The story centers on Rick Deckard, a highly specialized ex-police detective who is forced out of retirement to take on an urgent assignment: He must track down four desperate killers who, for some mysterious reason, are infiltrating a major industrial organization.
The case is further complicated when a beautiful young woman, an enigmatic suspect, becomes his ally -- and they fall in love.
Deckard uses sophisticated futuristic tools of the sleuthing trade and possesses professional skills unheard-of by Sam Spade or Philip Marlowe. He scans clues in a super-computer, gets around in a flying "Spinner" car, wields unusual weapons, and administers complex technological tests to suspects.
On the colorful and treacherous streets of a fantastic future megalopolis, the suspenseful story takes the classic form of a manhunt. But the renegades being pursued are not mere men and women. They are manufactured humans, created by scientific processes which are extensions of current breakthroughs in the revolutionary new field of genetic engineering.
These "replicants" are extremely fast and powerful combat models, the supreme products of the industry. Somehow, these four have returned to Earth from an off-world colony. They have already killed
and must be stopped before they kill again. Unfortunately, they are distinguishable from ordinary human beings only through a sophisticated technological test of which Deckard is one of the few master practitioners.
"'Blade Runner,'" says director Ridley Scott, "is first and foremost a detective story, a thriller. It's not so much science fiction as futuristic, or, better yet, of the future."
He further describes the film as "an adult comic strip.., full of action, colorful characters, fast pace, bright colors, and bold strokes."
A Blade Runner is a police detective who specializes in identifying and terminating defective replicants. Scott calls this highly skilled investigator "an official exterminator, a sort of bureaucratic bounty hunter." At this bizarre type of police work, Deckard is the best.
Replicants are synthetically made humans, manufactured and sold to do difficult, unsavory jobs, such as mining, soldiering, and space exploration, or to serve as domestic help and experimental subjects.

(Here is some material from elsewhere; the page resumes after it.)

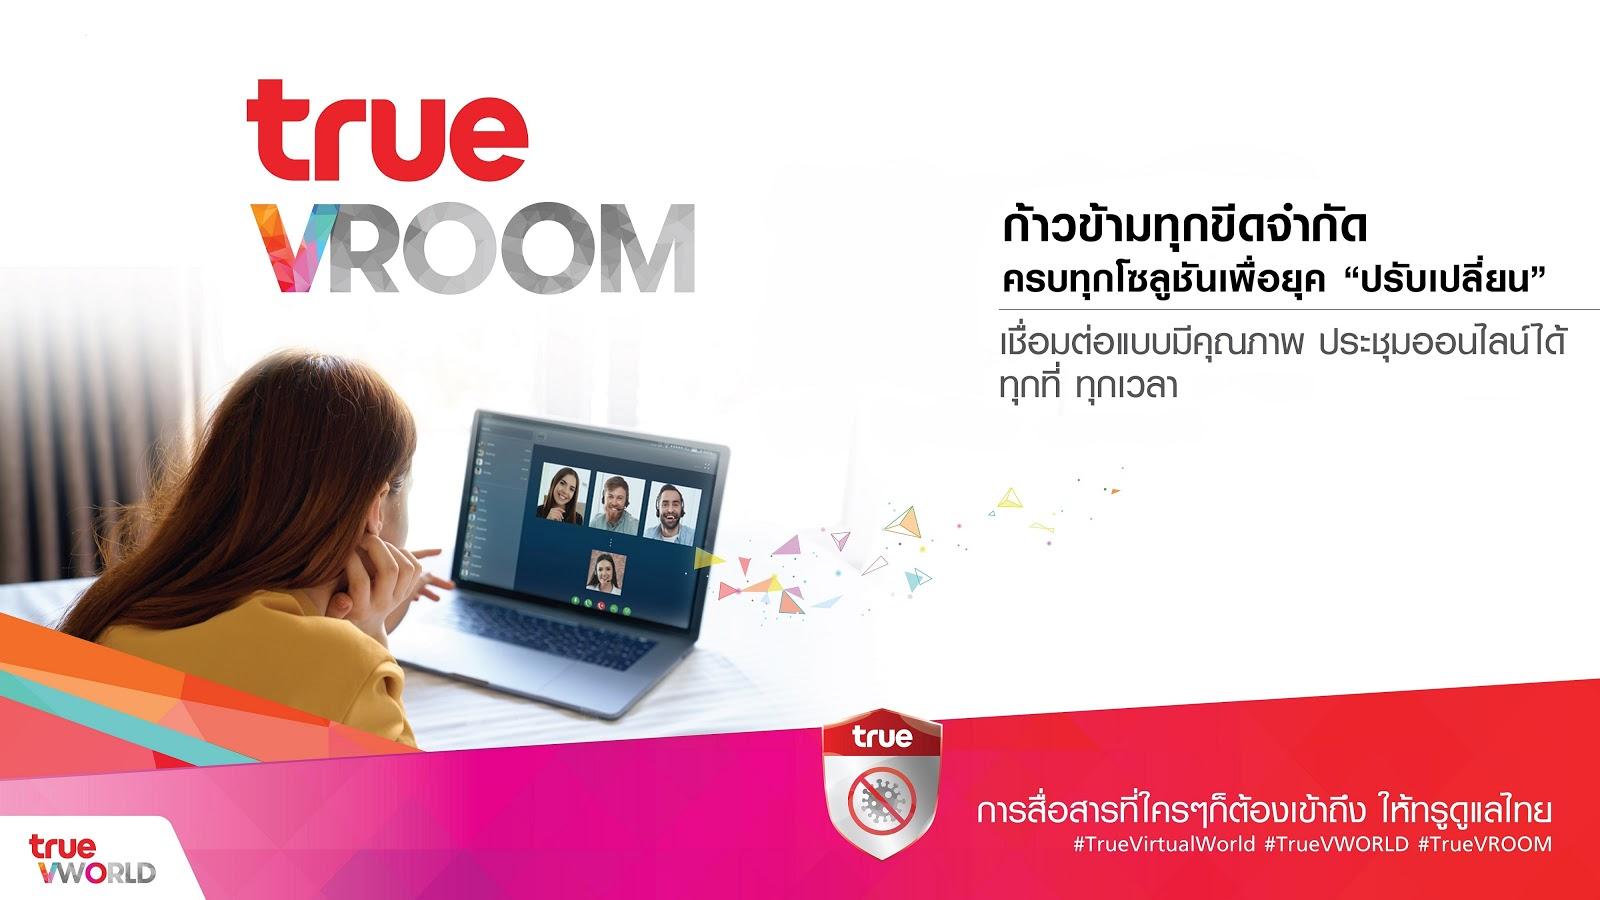 "TRUE Group ชวนเปิดประสบการณ์ใหม่ ""True VROOM"" ห้องประชุมและห้องเรียนเสมือนจริง สัญชาติไทย"

They are not "robots" as they contain no machinery. They are entirely creations of flesh-culture, more technoloqjcally and biologically advanced than "androids."
"Reps" are so highly perfected that they are virtually indistinguishable from ordinary humans, except through the Voight-Kampff empathy test, a sophisticated form of lie detector.
The story is set just far enough ahead to make credible the cornerstone of the plot -- the existence of a rampant genetic-engineering industry.
Scott points out that "this film is not about genetic engineering. It's not a speculation on the rights and wrongs of this new science. The movie just touches on the subject, uses it to create the story situation."
To construct the proper setting, the filmmakers had to develop a clear, realistic vision of life in an American megalopolis forty years from now.
Says Scott: "Most films depict the future as pristine, austere, and colorless. We were determined to avoid shiny buildings, underpopulated streets, and silver suits with diagonal zippers.
"Our city is rich, colorful, noisy, gritty, full of textures, and teeming with life -- much like a major city of today. This is a tangible future, not too exotic to be believed. It's like today only more so."
"Our film takes place within the lifetime of most of its audience," says producer Michael Deeley. "Everything had to be credible and justified."
To help authenticate their picture of the future, the filmmakers enlisted Syd Mead, an internationally eminent industrial designer who is a specialist in picturing the shape of things to come, from skyscrapers and vehicles to parking meters and phone booths with television.
"'Blade Runner,'" Mead notes, "is not a 'hardware movie.' It's not one of those gadget-filled pictures where the actors seem to be there only to give scale to the sets, props, and effects. We've created an environment to make the story believable. The tools and machinery appear only when needed and fit tightly into the plot."